Liberi di vivere, di curarsi e di morire

di Gaetano Pedullà

Dopo politici, magistrati e giornalisti, tutti pronti a dire la loro senza alcun titolo scientifico, c’è finalmente una fonte accreditata che può dirci se il metodo di cura Stamina funziona o no. E purtroppo la risposta è no. Nelle cartelle cliniche rilasciate dallo Spedale civile di Brescia ai 36 pazienti curati con questo protocollo non c’è traccia di miglioramento. Un verdetto che stamattina i genitori dei malati cercheranno di ribaltare in una conferenza stampa dove speranze e suggestioni faranno a pugni con la realtà. Quando il male avanza non ci sono illusioni così grandi da sembrarci inesplorabili. La vita ci aggrappa a ogni indizio, a ogni possibilità.
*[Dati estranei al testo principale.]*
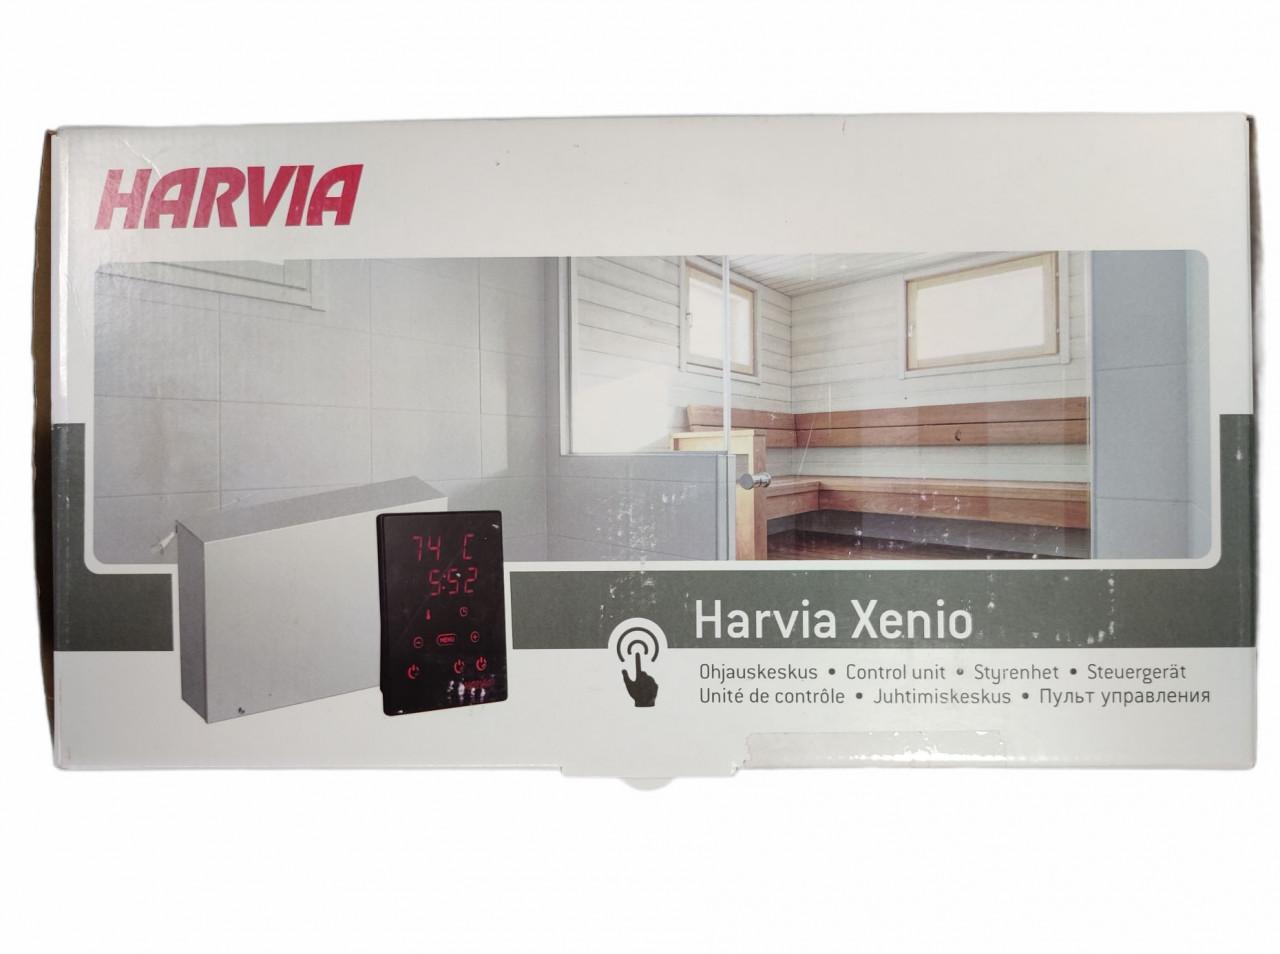 Harvia Xenio saunabesturing 17.0 kW (refurbished)

E l’amore per i cari non conosce comitati scientifici; non può sopportare che leggi e burocrazia provino a spegnere quell’unica fiammella, quando c’è. Per questo il verdetto clinico di ieri non fermerà Stamina, così come non la fermeranno le inchieste, compresa quella in dirittura d’arrivo in Procura a Torino, dove si ipotizzano reati gravissimi: associazione a delinquere, truffa, somministrazione di farmaci pericolosi. Su Vannoni pende l’accusa di aver ricevuto corpose donazioni e il quadro che si è fatto sulla stampa non è dei più cristallini. Stamina però per molti resta un sogno, una terra promessa dove la scienza ufficiale non ha messo piede. E impedire a questi sognatori di cercare il loro Eldorado significa fargli male due volte: alla malattia si aggiunge quel senso di impotenza, di costrizione ad accettare un destino tragico deciso non dal fato, ma da una legge degli uomini. Per chi possiede un pensiero sinceramente liberale, la pienezza dell’uomo sta nello scegliersi la vita esattamente come scegliersi la morte. Lo Stato deve informare correttamente, deve dare ai malati e alle famiglie tutti gli strumenti per capire se si è di fronte a una truffa o no, se si va verso una cura compassionevole e inutile o c’è speranza. Ma poi cosa spingere nelle vene lo decida il malato. E nessun altro.